That was a year and a half ago…

Since then, they wildly over-subscribed the service. They kept adding more customers, as well as turning a blind-eye to people using methods to bypass the wait-list, such as subscribing to RV service (Which is not tied to any specific cell) and then using it as the main internet at their home (in a full cell) instead.

The result is that speeds plummeted, and latency increased, especially during peak hours. We’re talking DSL speeds or worse, and several hundred MS latency or more during those peak hours. Speeds and latency were still great in the middle of the night, like 3am, but my raid times were during peak hours and that was a problem.
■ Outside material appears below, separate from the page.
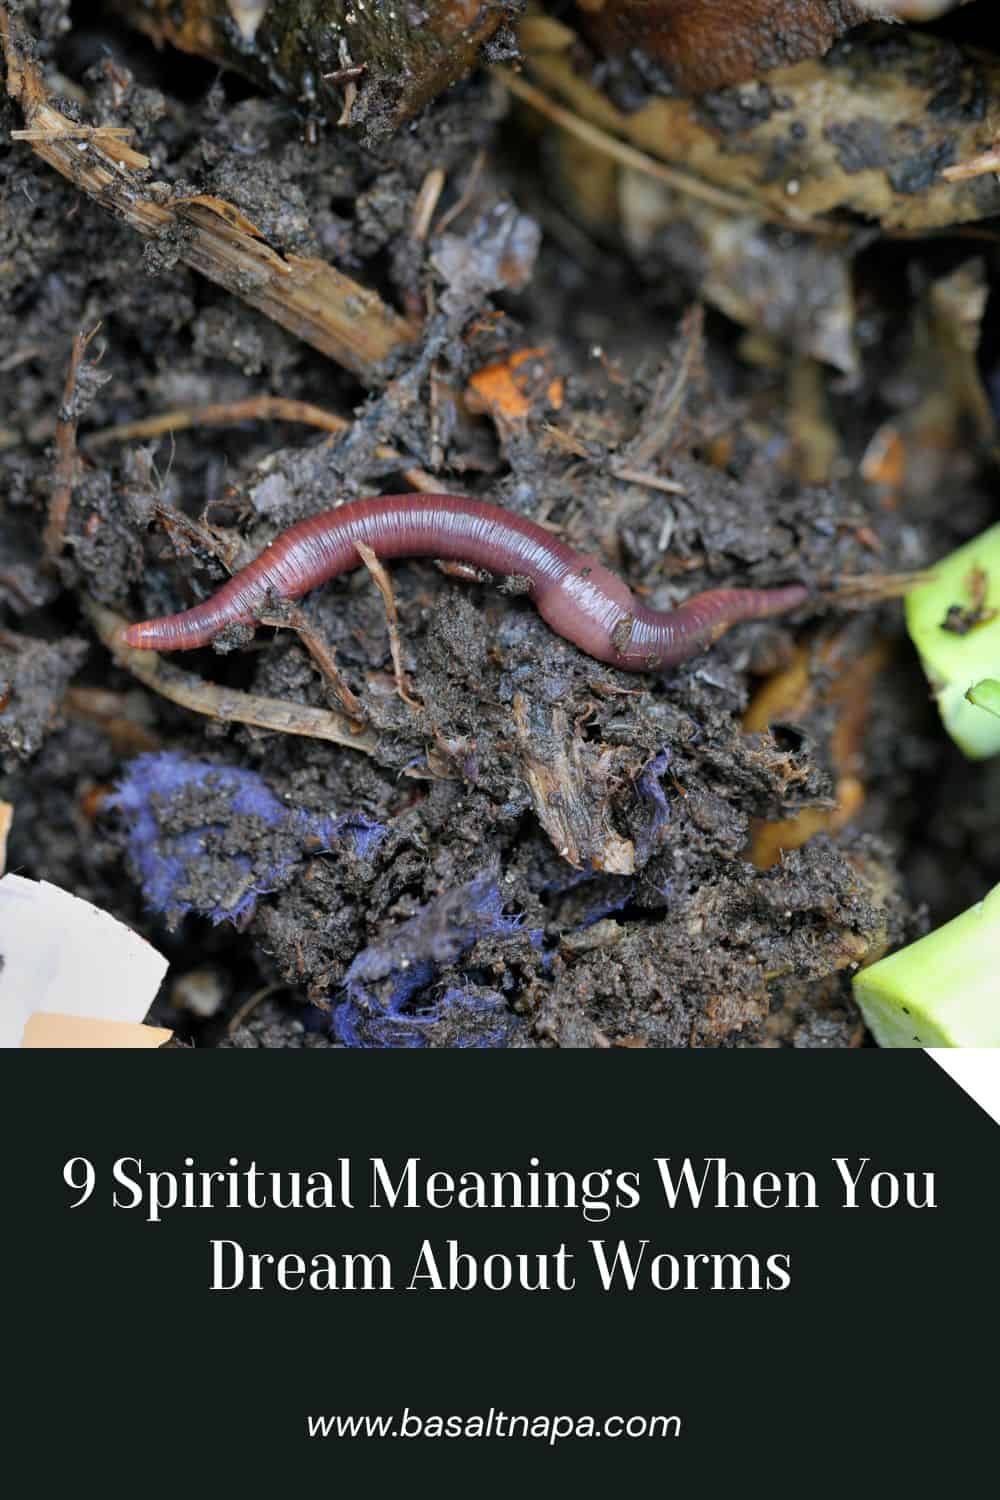 9 Spiritual Meanings When You Dream About Worms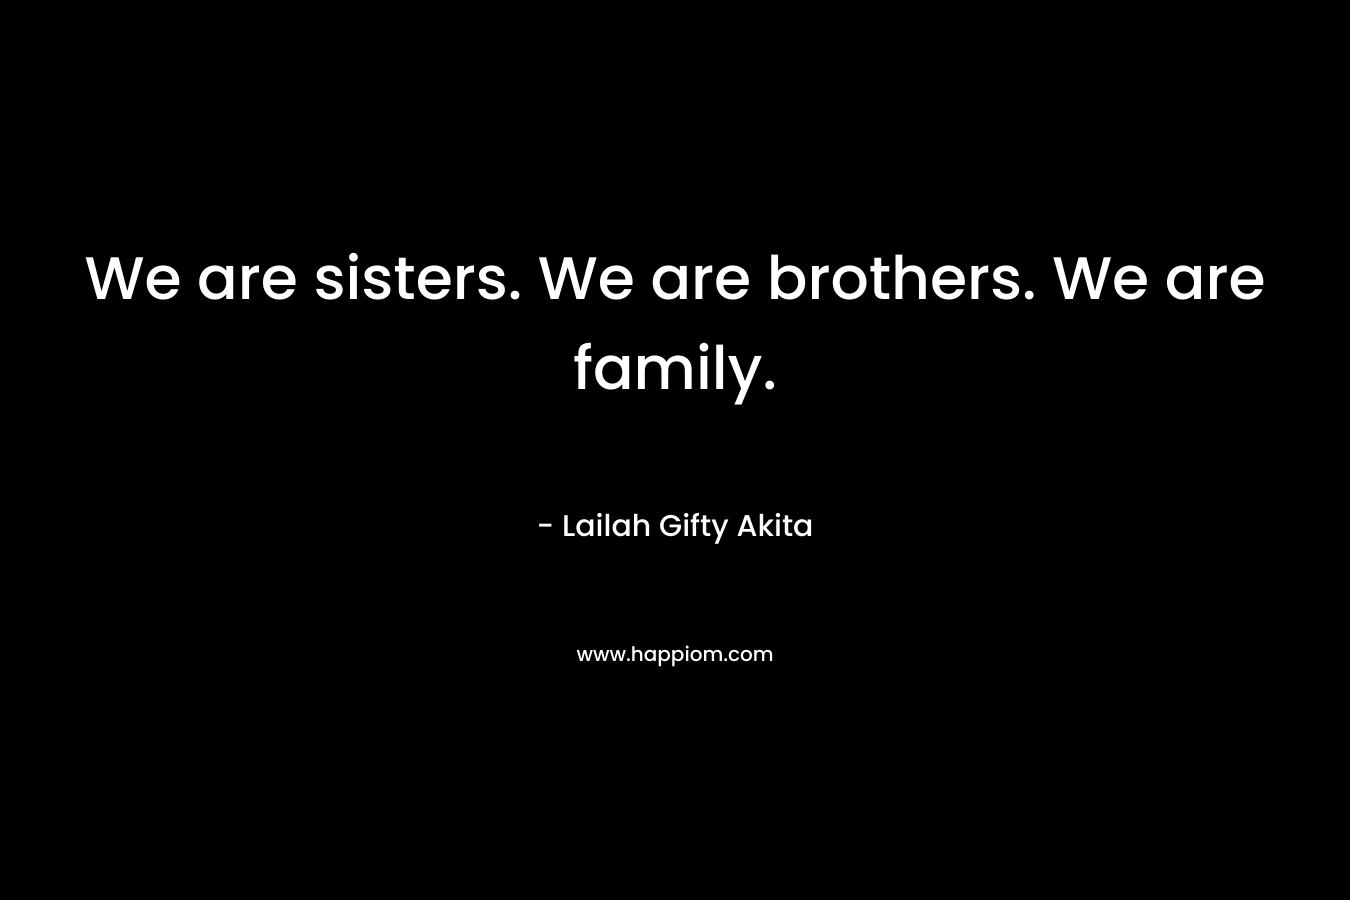 We are sisters. We are brothers. We are family.

There was always the promise that they would be launching more, newer, bigger satellites, but those goal posts kept being moved further and further out. I got tired of waiting.

Maybe it will become good again some day, who knows. I know that the biggest satellites need to be launched using the “starship” rocket, and that keeps being delayed, which is probably part of the problem.

It’s still a better option compared to traditional satellite ISPs (geosynchronous satellites) such as Hugues which give you 1000ms latency, but that’s about all that can be said at this point until/if their network capacity eventually catches up with their subscribers again. Might be a while…

…that’s it?

Never understood all the “hype” behind Starlink myself, I’m guessing it’s mainly popular because Elon Musk has his name attached to it

Just with my standard Xfinity connection the speeds seem to hover between 250-300 Mbps for wifi and 700-1000 Mbps for physical cable connection, and latency varies from 20-40ms for wireless and like 10-20ms latency for a physical cable connection

This is pretty much accurate to everything Elon Musk is involved in.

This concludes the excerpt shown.